The implication of this view is that:
the prayers are from believers for fellow believers and
the personal repentance of the offender combine to restore the believers, but if they continue in a lifestyle that brings reproach on the believing community, then the result may be an “untimely” or early physical departure from this life
This too can make sense, except why then would John command not to pray for a believer’s sin that leads to physical death?
It does not fit well when considering all of scripture
Jesus looks for disciples, not decisions, long term lifestyle faith, not short-term emotional faith.
Christianity is not an isolated past once ago act, but a current, ongoing repentance, faith, obedience, and perseverance.

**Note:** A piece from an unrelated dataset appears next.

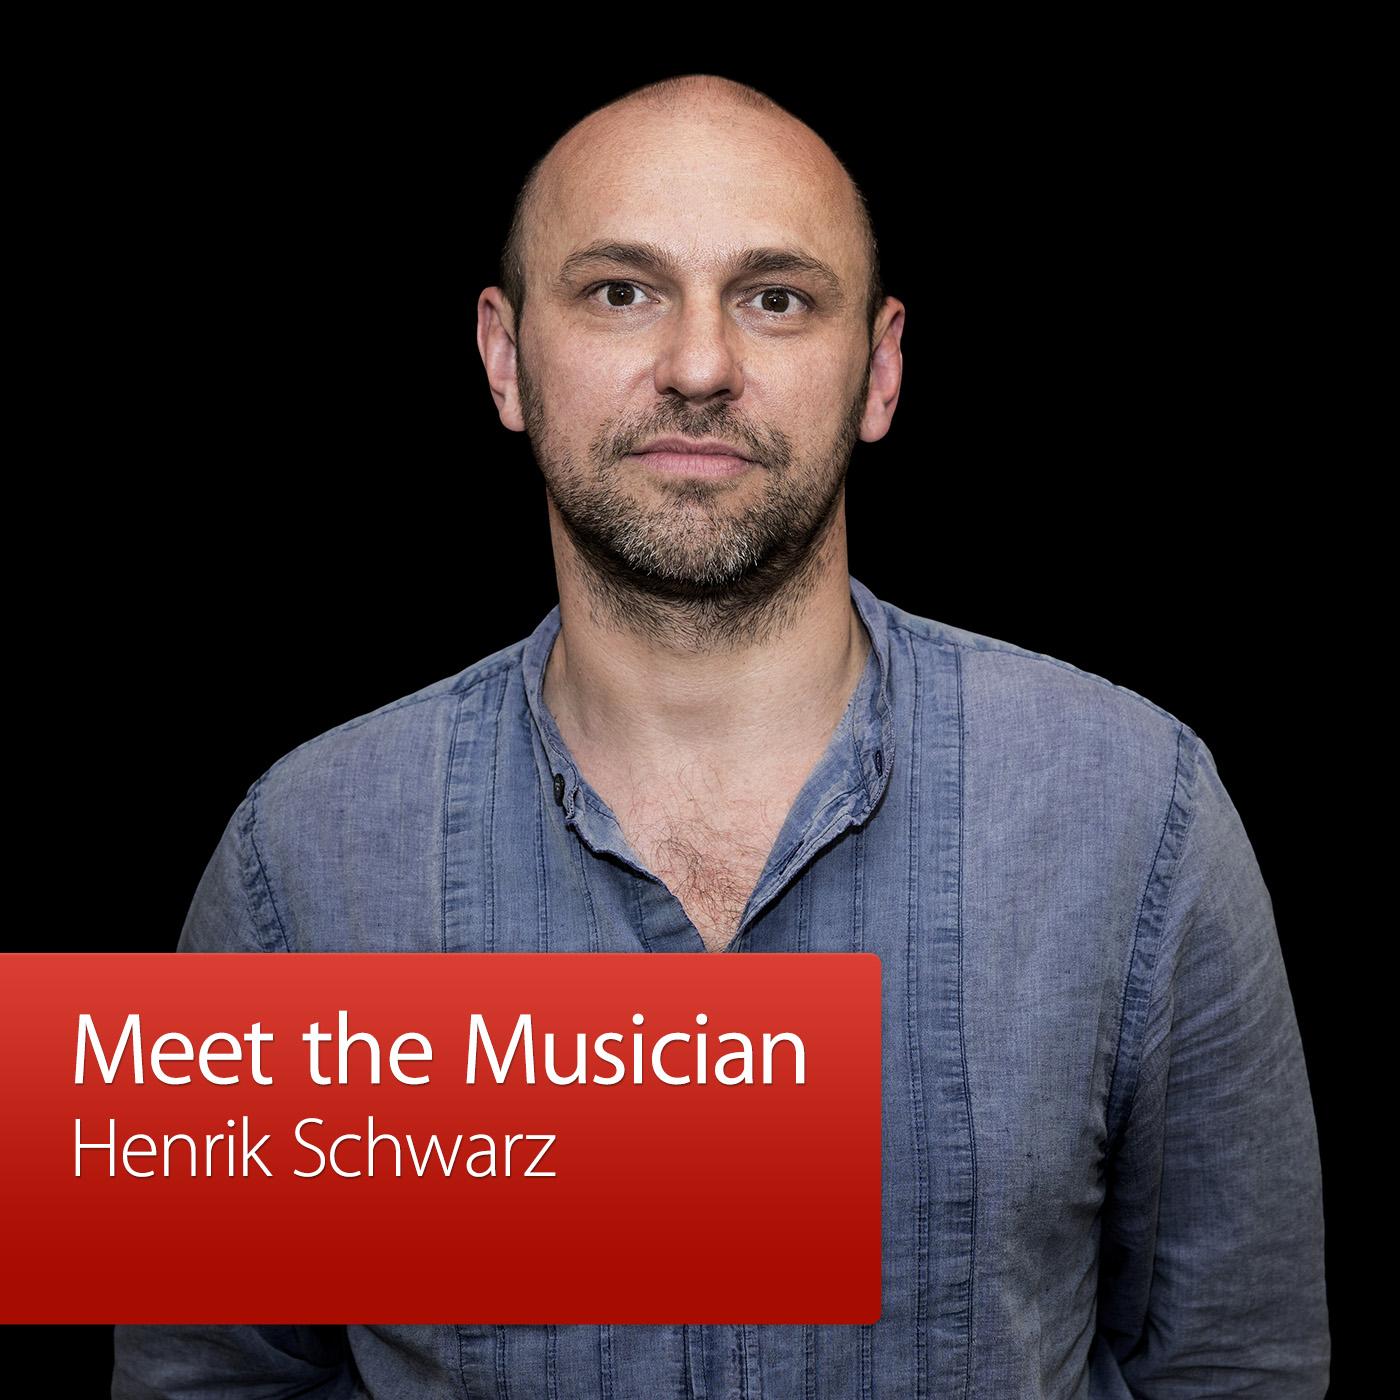 Henrik Schwarz: Meet the Musician

Christianity is not a one-way ticket to heaven, purchased in the past, nor a fire insurance policy taken out to protect one from a lifestyle of selfish, godless living!
“… and God will give him life”
I thought John is talking about believers sinning!
How can YHWH give life after eternal life is already given?
The theological problem here is the meaning of the term “life” (zoā).
Normally in John’s writings this refers to eternal life, but in this context it seems to mean restoration to health or forgiveness (i.e.
much like James’ use of “save” in James 5:13–15).
The person prayed for is called “a brother” which strongly implies a believer (by John’s own use of the term for his readers).
So now, for those who feel is the correct interpretation of death is physical, it would then make sense that YHWH would give him more physical life, but just as well life here could mean a more abundant life free of sin.